Je me raccrochais à l'idée qu'il y avait une infime chance pour que la fièvre tombe d'elle-même et que je puisse rentrer au plus tard le lundi, pour l'anniversaire de Charlotte. Telle une petite musique d'enfant : si tu le veux très fort, ton souhait va se réaliser...

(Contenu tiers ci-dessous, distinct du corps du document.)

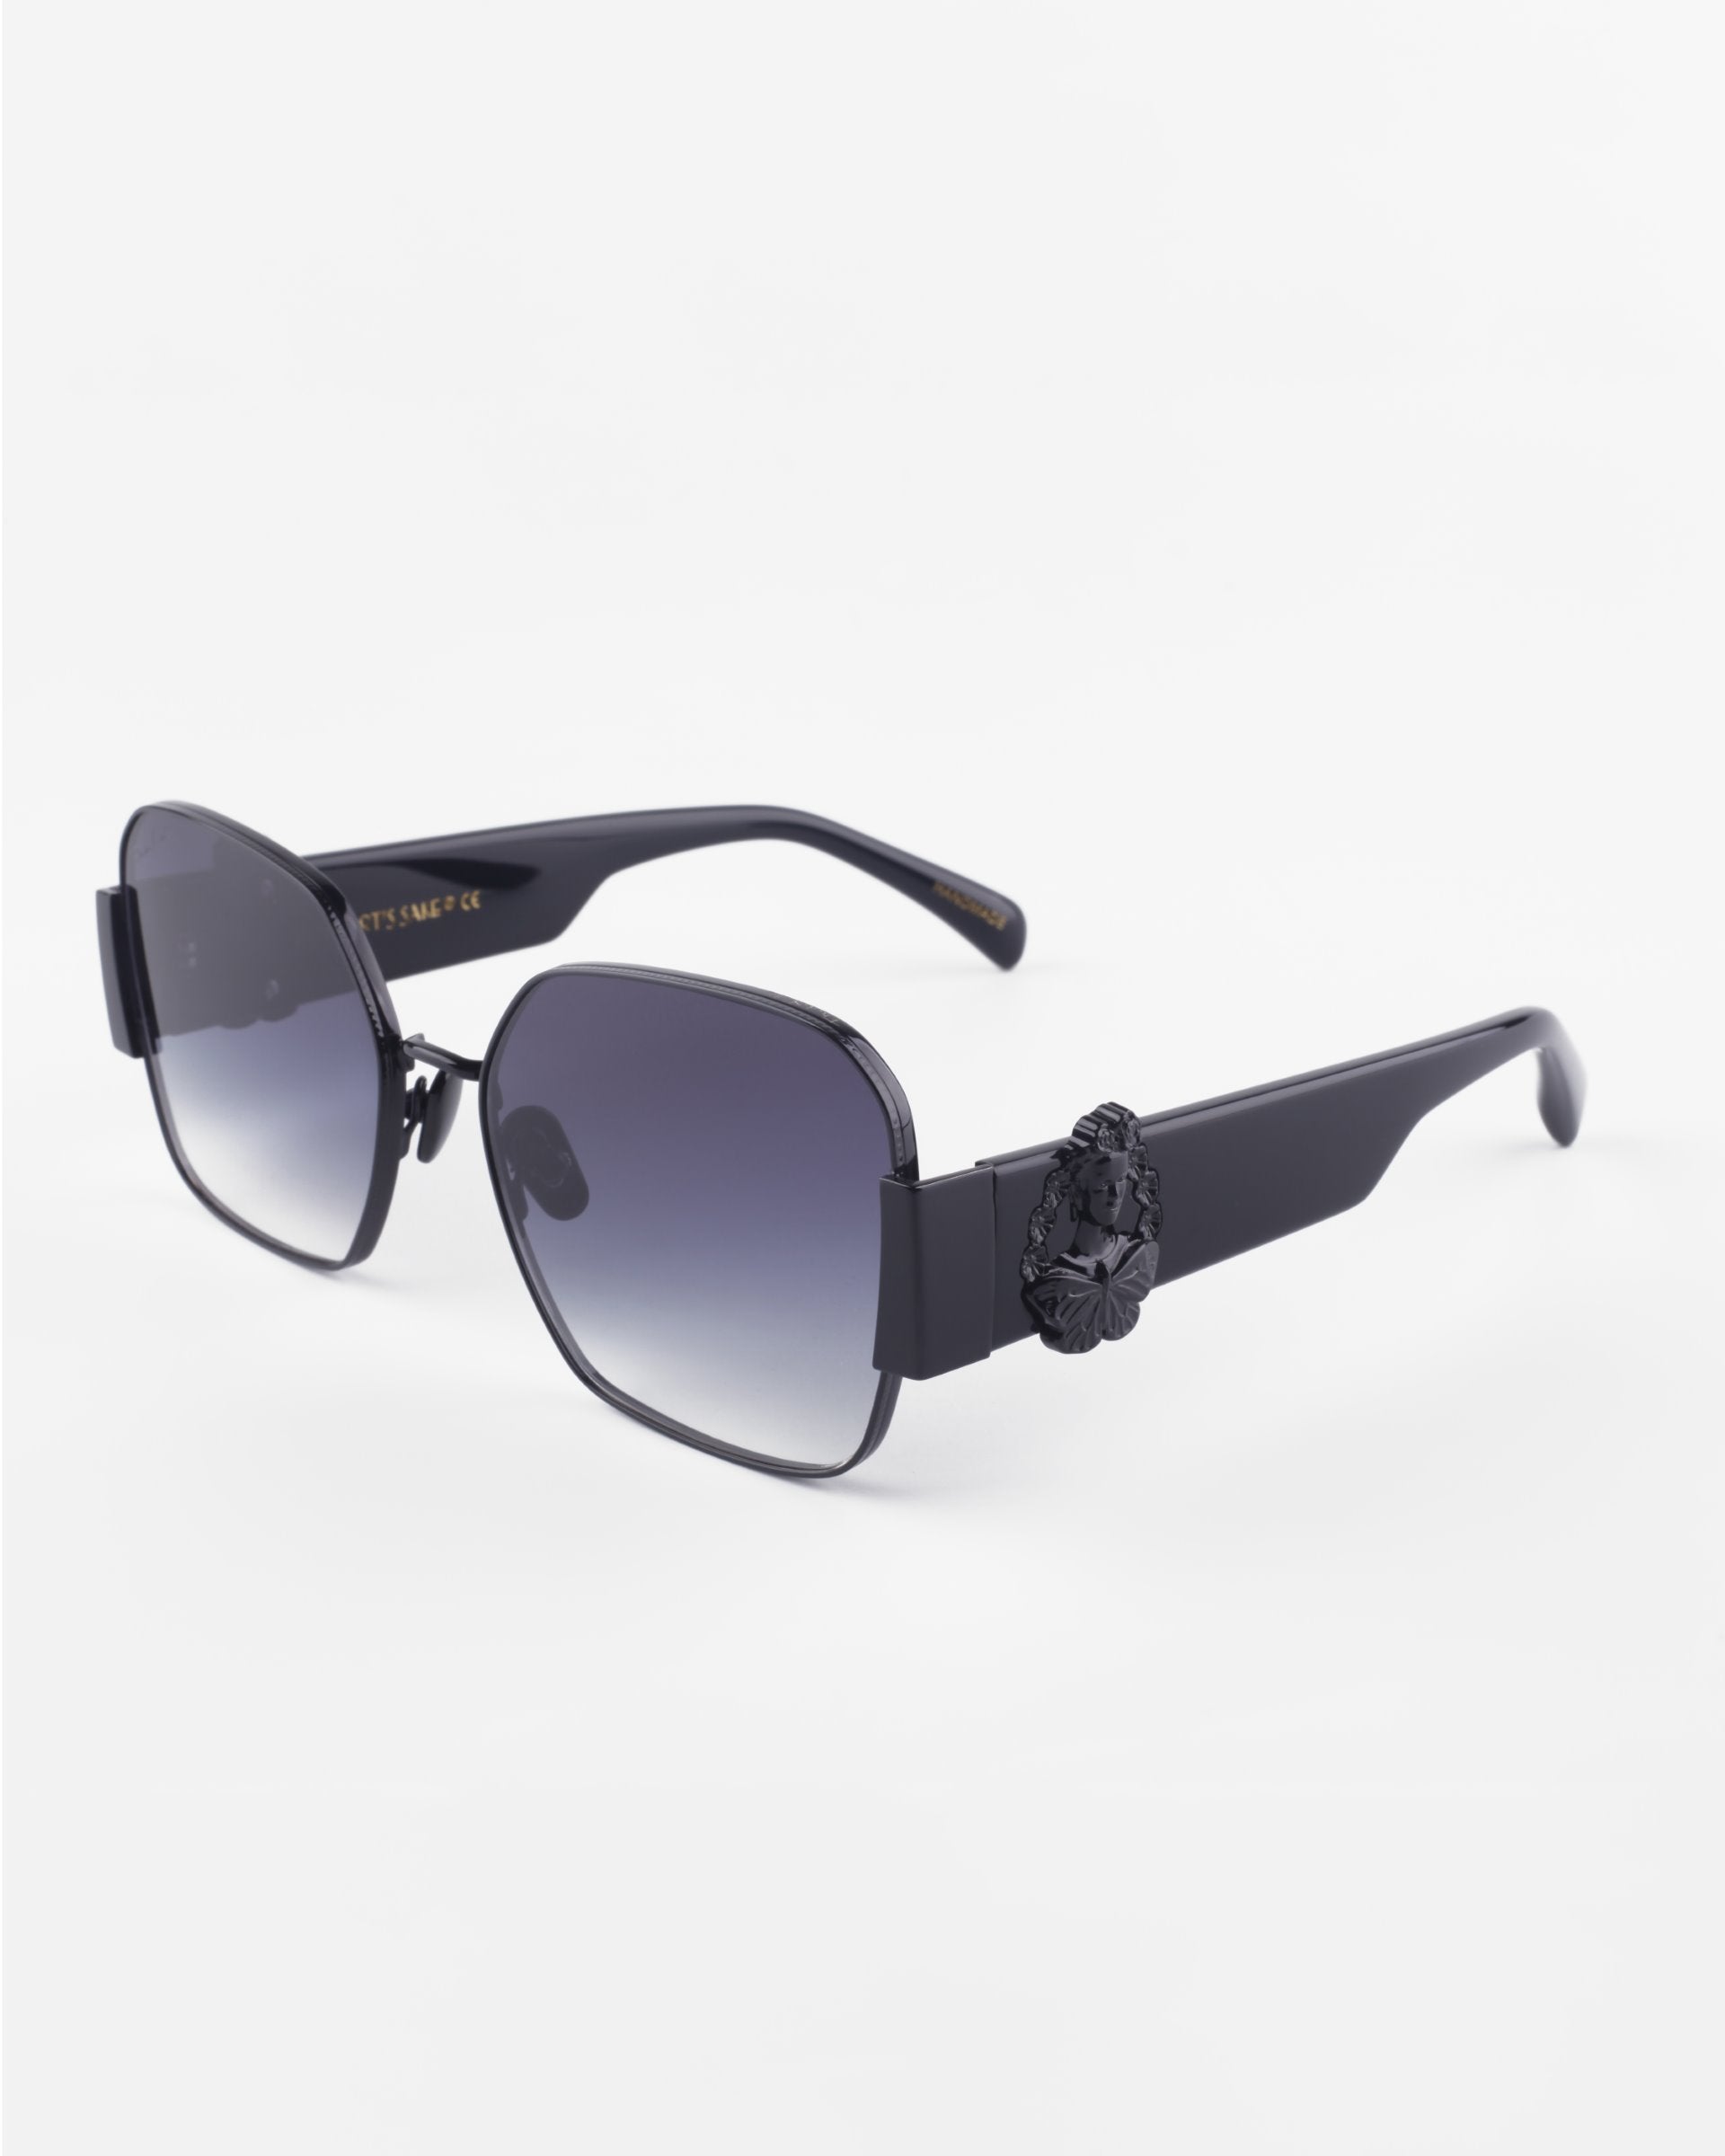 A pair of stylish, oversized black sunglasses with square lenses that have a gradient tint from dark to light. Featuring ultra-lightweight nylon lenses and 100% UVA & UVB protection, the Frida Mask by For Art's Sake® also boasts a decorative black piece on the gold-plated stainless steel hinges against a white background.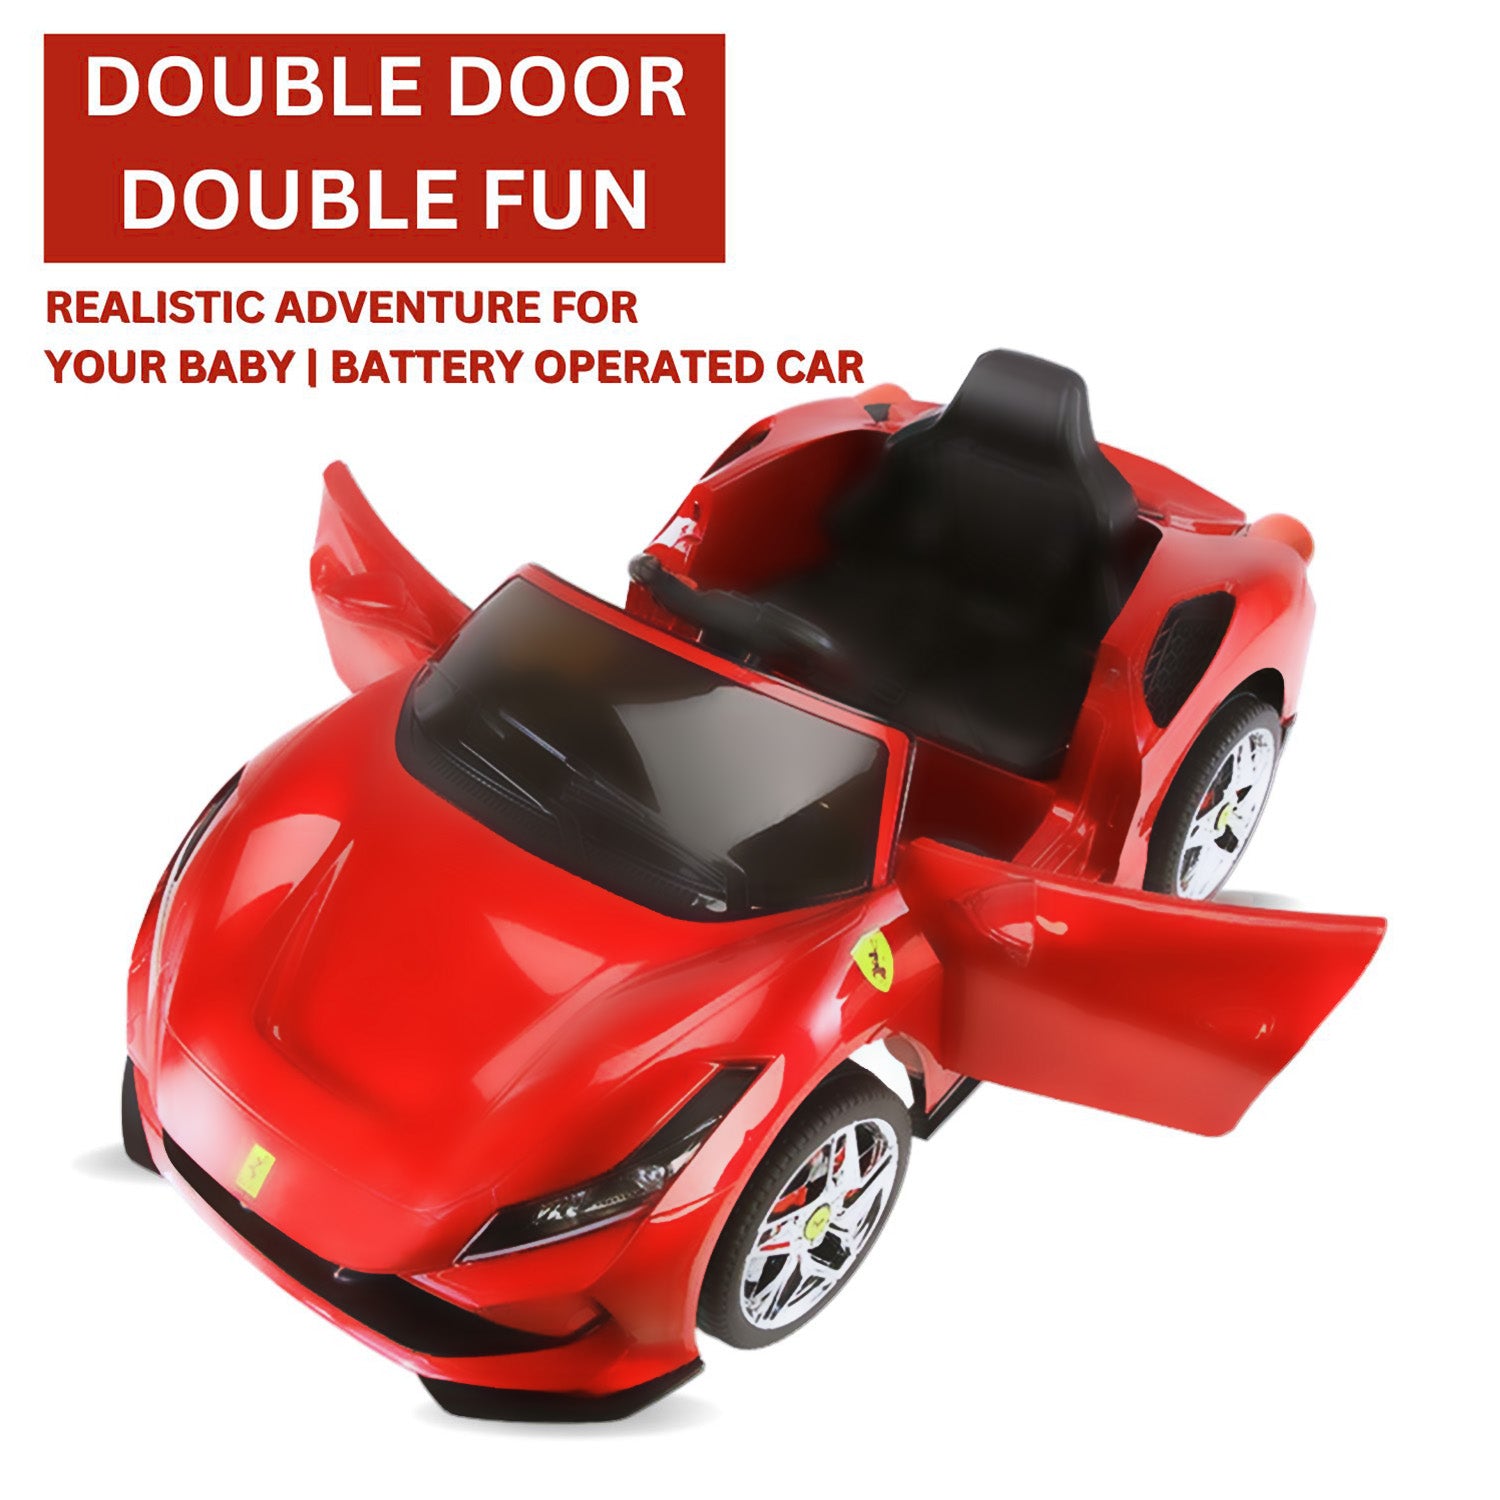 Baby Moo Ferrari F8 12V Battery Operated Ride On Car for Kids | Remote Control | Rechargeable Battery | USB MP3 Player | Ages 2-8 - Red - Baby Moo

Arrivée dans le service, c'était reparti : pose du cathéter, évaluation des constantes, prises de sang,... On effectua tout une batterie d'analyse, Covid inclus. On écartait aucune hypothèse, même s'il y avait peu de doute sur l'origine de l'infection. Contrairement à ce que je pensais (et ce que j'espérais), je n'ai pas eu droit tout de suite aux antibiotiques. Le chirurgien ne voulait pas prendre le risque de masquer l'infection et passer à côté d'un rejet de greffe. Si c'était bien avéré, il voulait pouvoir agir vite de manière à conserver un maximum de tissus et de graisse dans le sein. En revanche, le service infectieux passa tout de suite faire des prélèvements sur la plaie. Les résultats prendraient plusieurs jours à arriver.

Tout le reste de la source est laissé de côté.